# How do you decide when/if you should get a second Hav?



## Docs.mom (Jun 26, 2014)

Doc is 7 months old (despite me saying he was 8 months in my intro, after counting on my fingers I realized he's actually 7 months)

I am so in love with him and I know I want to get another sometime, but is it smart? Do havs like the companionship of another hav? I know I want to wait until he is over a year old and we have all of our training where I want it to be, he is housebroken (mostly) and knows sit, and lay down and leave it. Shake is something I am not sure he will ever get and he we are still working on him learning not to jump up on people.

For those of you that have added another are you glad you did. How well did your dog take it? Was there a lot of jealousy?

At what age is it the best to add another, I would like to do it while he is still young but I am unsure what the best age would be.

I have read that it is better to have opposite sexes together, how do you feel about that recommendation? do you with the same sex pairs have any issues?

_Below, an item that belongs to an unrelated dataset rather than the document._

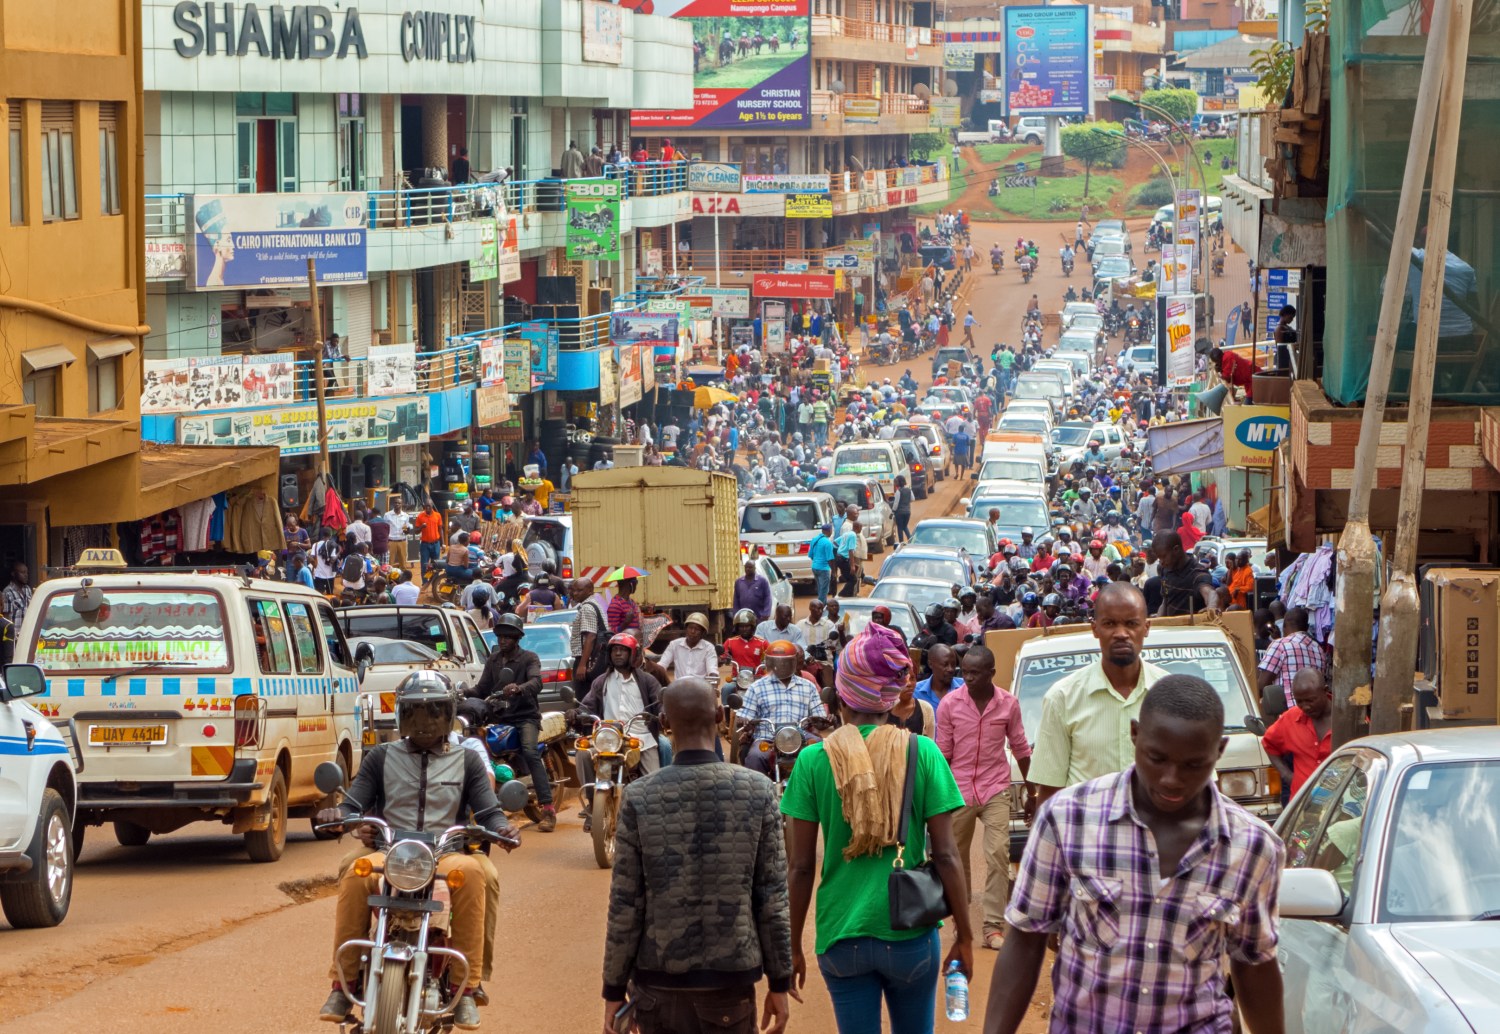 Heavy traffic in Kampala, Uganda

I know its a lot of questions thanks in advance for taking the time read/answer


----------



## azcolaw (Jul 19, 2013)

Hi,
Adding the second Hav to our family has worked out great!! We started with Ginny in 2012 and when she was 14 months old, Griffin came home.
They were born exactly a year (almost to the day) apart.
Ginny is very sociable and just seemed a little lonely. I know a lot of people on the forum have just one and that works well for them. 
But, my two play constantly and are tons of fun for each other. It took Ginny maybe 1-2 days to totally warm up to Griffin. 
The downside: the expense with grooming two - and boarding - is huge. 
Mine get along great being a girl/boy combination, but I know some people who have 2 males and that works great, too. Don't know anyone with two females. I think, from what I've read here, it's not so much a gender issue (but experts please correct me if I'm wrong). Here's a photo of my two.


----------



## krandall (Jun 11, 2009)

I want another Hav, and will probably have one within the next year or so. But since I compete, I wanted Kodi to be well along in his training before having to spend a large chunk of my available training time on dealing with puppy issue.  Kodi has now finished his open title in CDSP, and we are working on most of the UD exercises. (we have just touched on Articles so far, but that's the last one) He is performing very solidly in the ring, and has a bunch of titles from various venues in obedience, rally and agility. 

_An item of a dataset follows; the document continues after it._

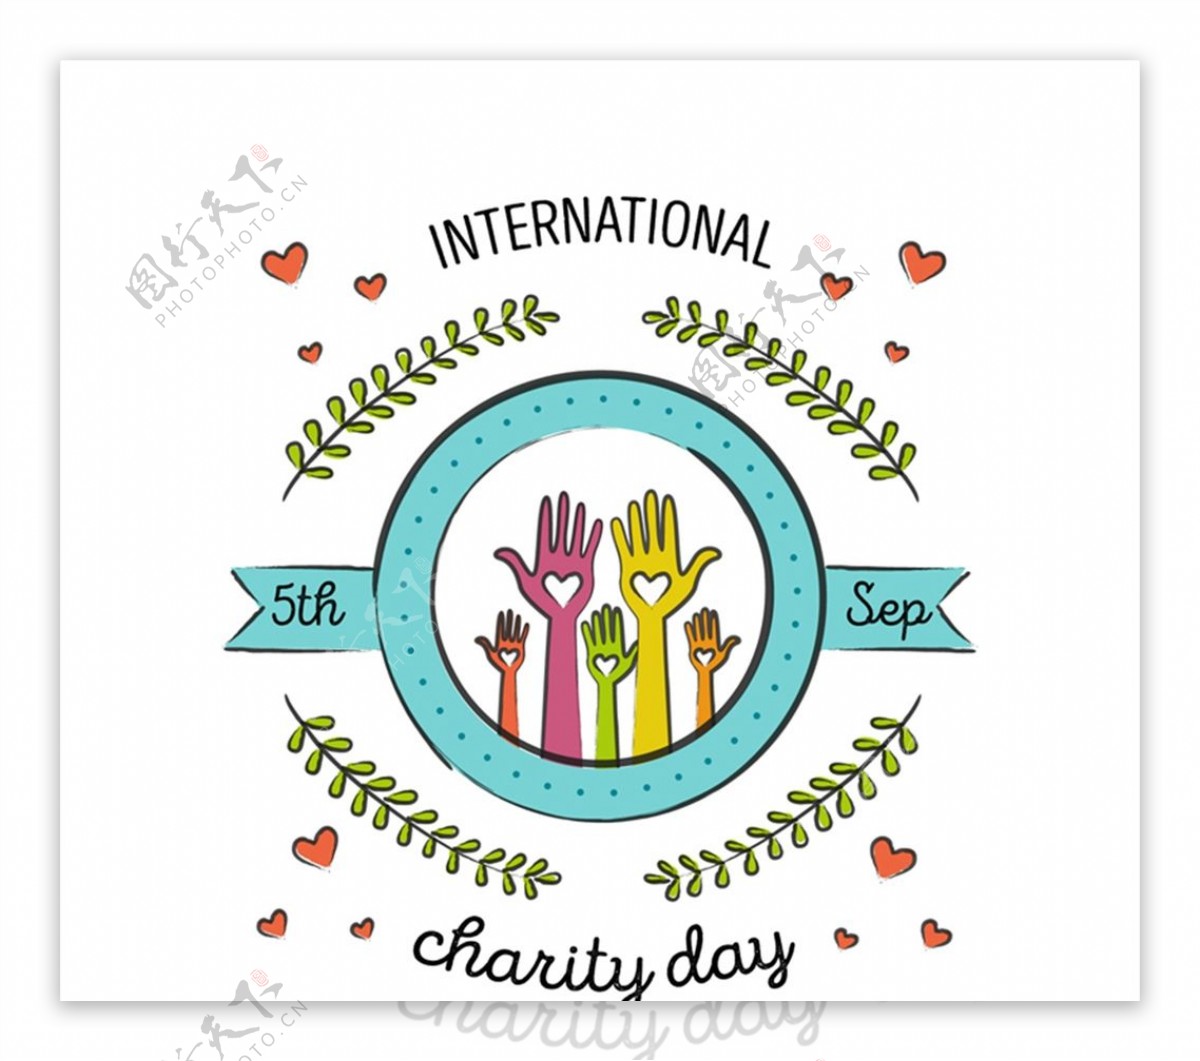 国际慈善日贺卡图片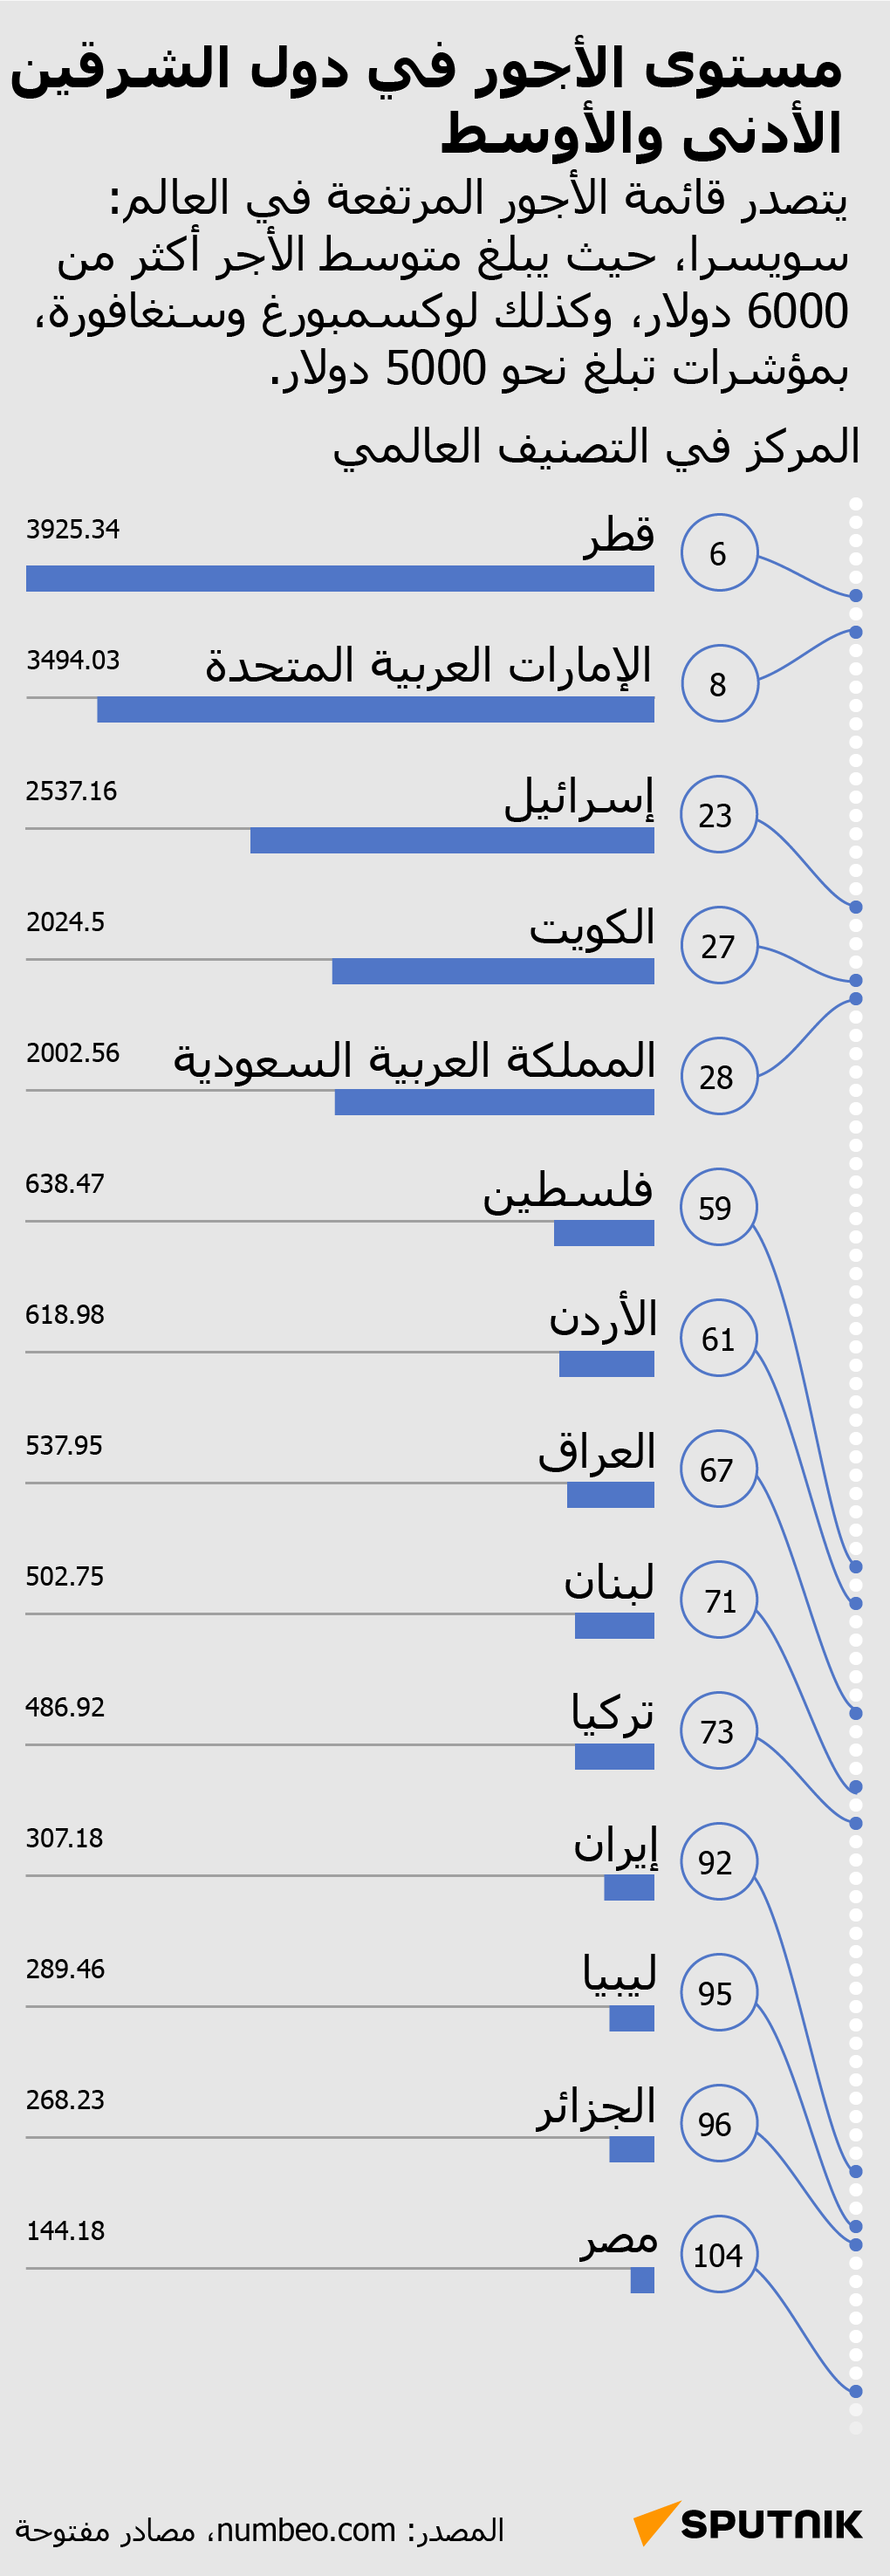 مستوى الأجور في دول الشرقين الأدنى والأوسط - سبوتنيك عربي

My other reason for spreading them apart by 6 years is that I really didn't want the heartbreak of two geriatric dogs at the same time. At 6, Kodi will still be spunky and playful (he gets along with all other nice dogs, so that's not an issue) but old enough to help teach the puppy by example. I didn't want to wait TOO long, and subject an elderly dog to puppy antics either, so 6 seemed to be in the right ball park!

Honestly, I would not have wanted to have two dogs under two years apart. The dogs are still really puppies until about 2 years old, and I want them to have a VERY firm understanding of their basic (household) training, which is a LOT of work during that period. If the other end (two elderly dogs at the same time) doesn't bother you, though, I think there is nothing wrong with getting them closer together than I am.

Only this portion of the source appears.